Bethany shakes off her fugue state to accept a salami sandwich. The sunlight is suddenly dim through the trees, giving the campsite an aquatic tint. She hears someone say the word
gloaming
. The word is unfamiliar—perhaps festival terminology, or something to do with drugs? There is a swirl of activity in the campground, people yelling and laughing. Bethany stands, reenergized by the sandwich. All at once, she is aware of the passing time. Soon it will be night, and she has seen only one band.

“Let's go back out,” she says to Rebekah.

Rebekah looks crossly at her. She has been rambling to one of the men about the racial oppression of government surveillance, or something to that effect.

“You go,” she says. “I want to stay in case Rufus needs help getting ready.”

Bethany looks down at her friend, rooting for words. If all they were going to do was lounge at the campsite, she wouldn't have come to the festival. She wouldn't have lied to her mother. But she knows a confrontation will make matters worse.

“Okay, suit yourself,” Bethany makes herself say, and leaves Rebekah and the comatose men in their chairs.
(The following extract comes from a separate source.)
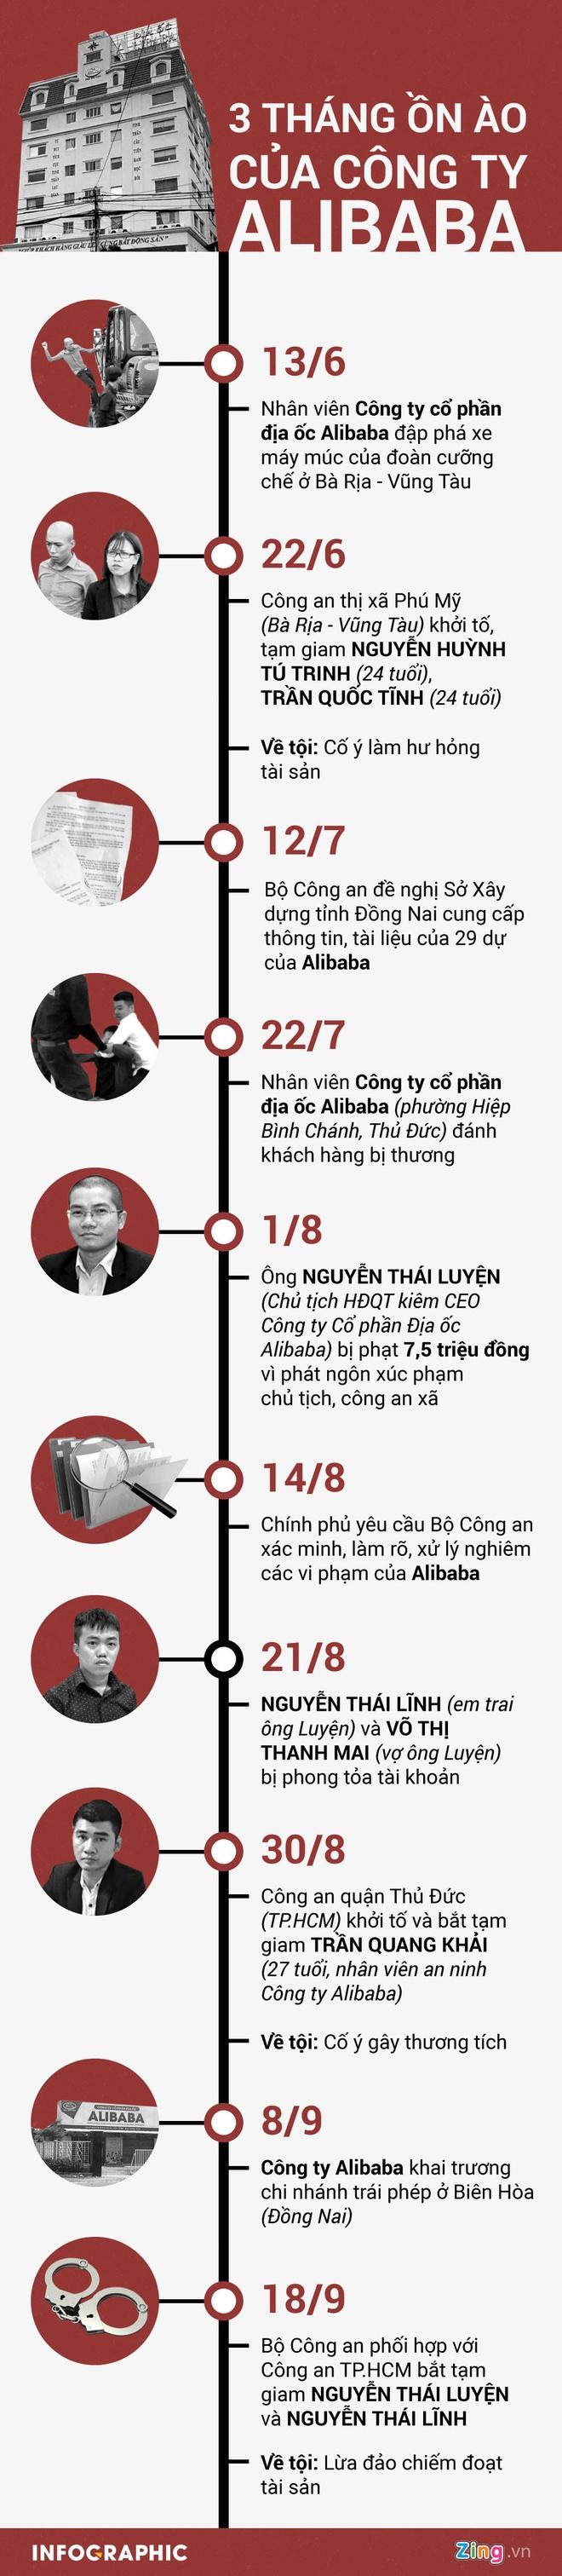 Nhan vien cua Alibaba co vo can khi Nguyen Thai Luyen bi bat? hinh anh 2

Alone, she winds through the city of tents, looking for the way out. It is like wading through a dream world, the darkening blue air emblazoned with colored points of light, tinseled with bright voices. At this brief moment before nightfall, she lets herself imagine that she has come upon a ghostly settlement of her own people. This is how it might be, she muses, in the future they've been warned about, following the degradation of society, after the plastic infrastructure of school and shopping has melted and marooned her generation back upon the earth. Perhaps this is how they will all live, in wide-open settlements, vast tribal blocs.
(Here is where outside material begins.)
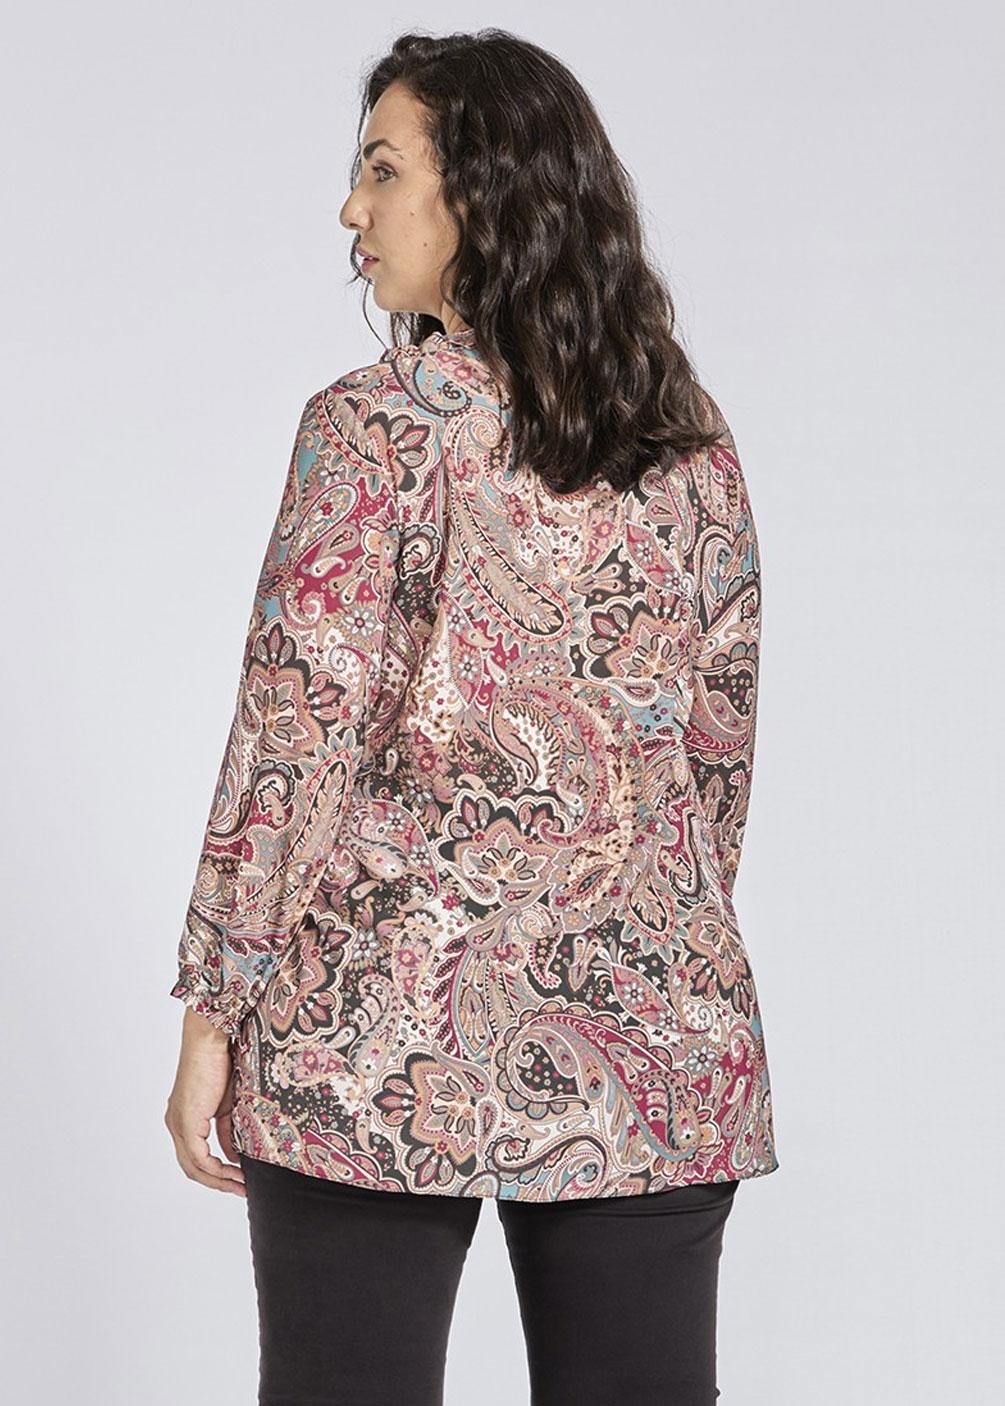 blusa camisa tallas grandes curvy spg auzu 2022

At last, Bethany exits the campground and approaches the crowd at the main stage. The music is of another species now, wheeling electronic parabolas. The people around her are not swaying and wiggling anymore, but dancing acrobatically, aerobically, pantomiming elaborate sign language patterns. It is impossible to emulate this cold, from a standstill. As much as Bethany loves music, despite her confidence as an actress and singer, she has never been much for dancing, can't help fixating on how moronic she must look moving in these artificial ways. Here, though, no one seems to be looking at each other; they all face the same direction, transfixed on a solo DJ: a boy in a hooded sweatshirt hunched over a machine. It seems to take all of his concentration to plug this puzzle of beats into his device, making them skip and twist and weave.
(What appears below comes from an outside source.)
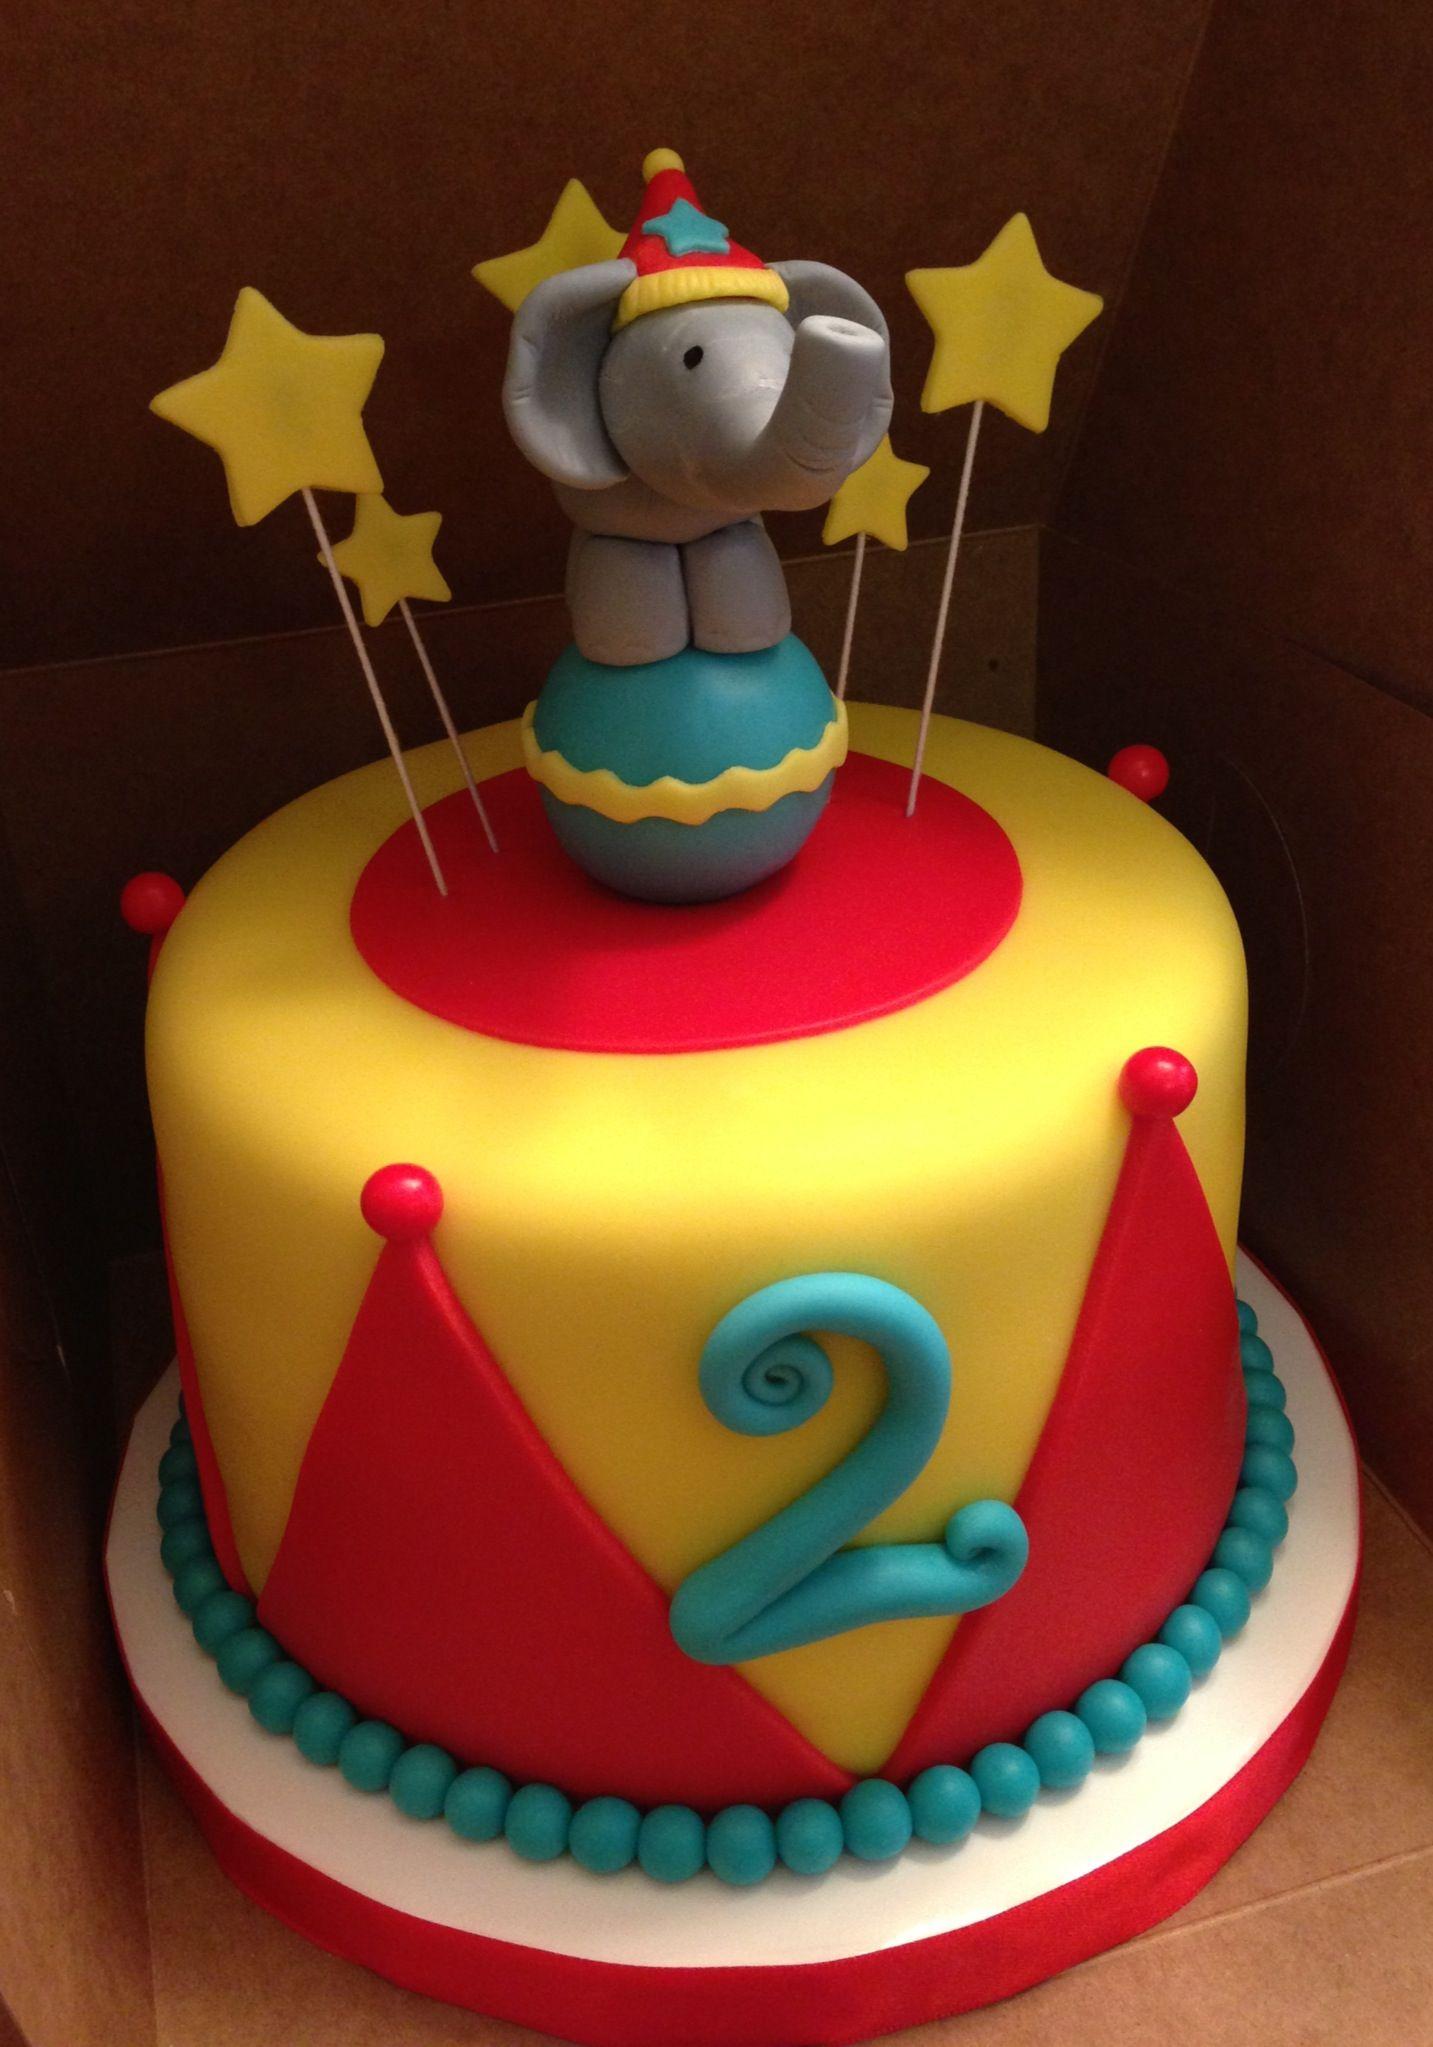 Circus Themed Cake All Fondant Karen Reeves Custom

Laser lights from the stage periodically wash the audience in green, blue, red. The lights swing down onto their heads, then lift to the sky to communicate with extraterrestrial entities. Glowing things are everywhere—necklaces, batons, body paint—as if the greatest fear of all, the surest route to death, is to not be seen.

The beat picks up and achieves a manic pace. The swinging lights quicken and the hive-mind dancing accelerates. Just standing in place, Bethany feels her heart jig in a way that is almost frightening. Then the hooded boy hunches lower over his box and the rhythm begins to slow, finally coming to a dead stop. The boy slumps, wound down. There is a breath of anticipation in the crowd, a moment of collective suspension. Then, like a thundercrack, the beat comes roaring back and the full spectrum of laser lights flares out. As if a string has been cut, the people fall back to dancing, possessed.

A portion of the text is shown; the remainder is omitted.